ReplyDeleteIf you agree with a jury system, then why not let the jury decide? whilst having the benefit of all the information?
Unfair or not and notwithstanding your stout defence, the guy did it!
Largely for the reasons I set out in the first post - there seems to be a reasonable basis to conclude that introducing evidence of past convictions in this way will be unduly prejudicial, significantly outweighing the plausible uses it might have in some cases. Moreover, I'm not convinced that the safeguards and checks envisaged (loosely) by the tribunes who have discussed it will in reality come to be used in that manner. This is significant, since it is not unusual for the apparent exception to become the legal rule. Moreover, by no means do juries, in general, have the benefit of 'all the information'. Despite best intentions, that is not what trials are primarily concerned with. The law weeds out context, much of the human significance. Its in this context of profoundly limited information placed before most juries, I'd suggest, we have to consider the prospect of detailing to that jury grim information of past offences. Needless to say, I've no interest in the guilty escaping their lawful reward. That too is a miscarriage of justice. That said, we ought to be able to demonstrate guilt in a specific offence with the material facts of that offence. Not with the easy innuendo of introducing evidence of past bad acts, confident that the psychological findings will be borne out, and prejudicial judgement will overcome the weak evidence of the prosecution.
ReplyDeleteAs I've noted - I can see that there is an argument, that my position isn't self-evidently true. That said, I remain hostile to the proposal. Even conceding many of your arguments, I'm not persuaded that my doubts, and the dangers faced by accused persons, are sufficiently allayed.
I come along here 6 months after the above remarks - but even at this late stage can I mention another side of the previous convictions coin, viz
ReplyDeleteMy late mother-in-law told me that she'd served on a jury many years ago in which the accused was a presentable-looking young chap charged with something quite serious (I can't remember what). The evidence against him was quite strong and all the jurors thought that he had 'done it'.
But, one of the more confident jurors advised the rest that the accused 'obviously had never done this sort of thing before, OTHERWISE THE PROSECUTOR WOULD'VE BRUNG IT OOT'.
The jurors thereupon decided to 'give the wee boy a chance, him wi' his mammy sitting greetin' in the court' and found the charge not proven.

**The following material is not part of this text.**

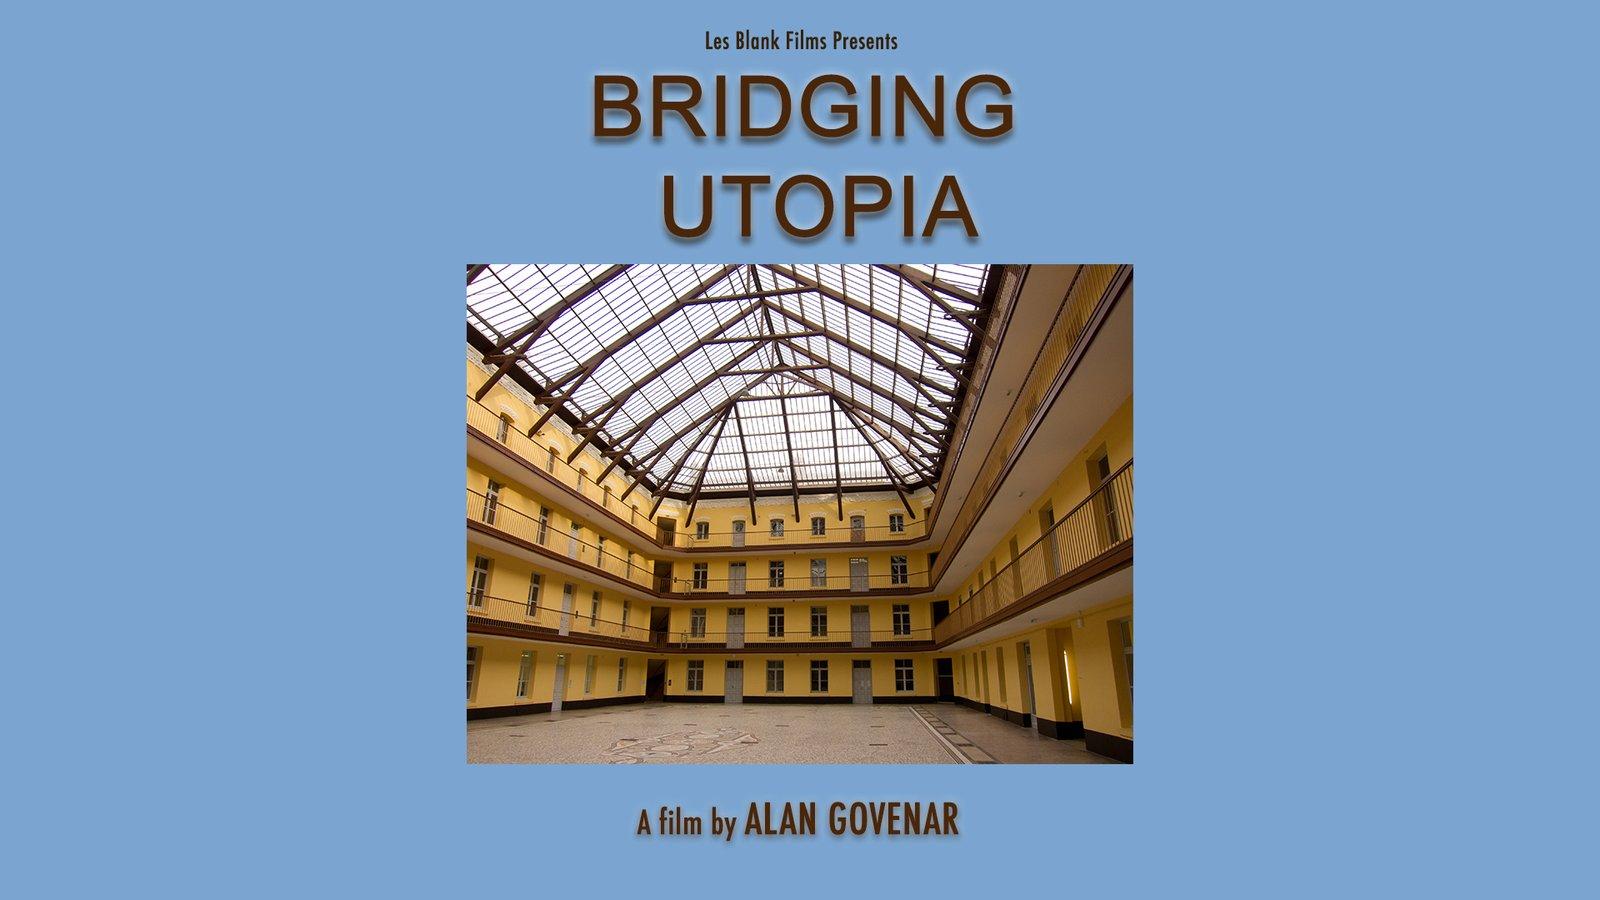 Bridging Utopia - Two Utopian Experiments

It may well be obvious and well-known to lawyers and the better-educated that the accused's record cannot be 'brung oot', but I do not think it's obvious or well-known to all.
It might be quite awkward to explain to jurors that the absence of a record being 'brung oot' doesn't mean that there isn't one, but otherwise I am sure many juries proceed on the wholly unwarranted assumption that the accused is a first-timer.
You may well be right on that front, Almax. It would take a rather deft formulation to make the point that the jury should neither assume the accused is a criminal tabula rasa nor that they have a well-chalked board of criminality. No doubt an attempt is made to convey that understanding, by stressing that their decision should only be based on the evidence lead before them, rather than extraneous interpretations and additions.
ReplyDeleteYou gently allude to another point which is problematic too, Almax - that assumptions about the accused's criminal history are likely to be informed by such things as appearance, presentation - or to use a slightly pretentious phrase from sociology - "bodily hexis". In this respect, the shiny looking, respectable accused is far more likely to attract such favourable (and potentially fictitious) inferences of previous good conduct in the absence of evidence than other, less well turned-out or otherwise "innocent" looking characters.
Defenders of the principle would undoubtedly give this answer - that the balance of doubt favours and ought to favour the accused. While the unjustified inferences you described can certainly occur, such blips seem preferable to the risks associated with the alternative.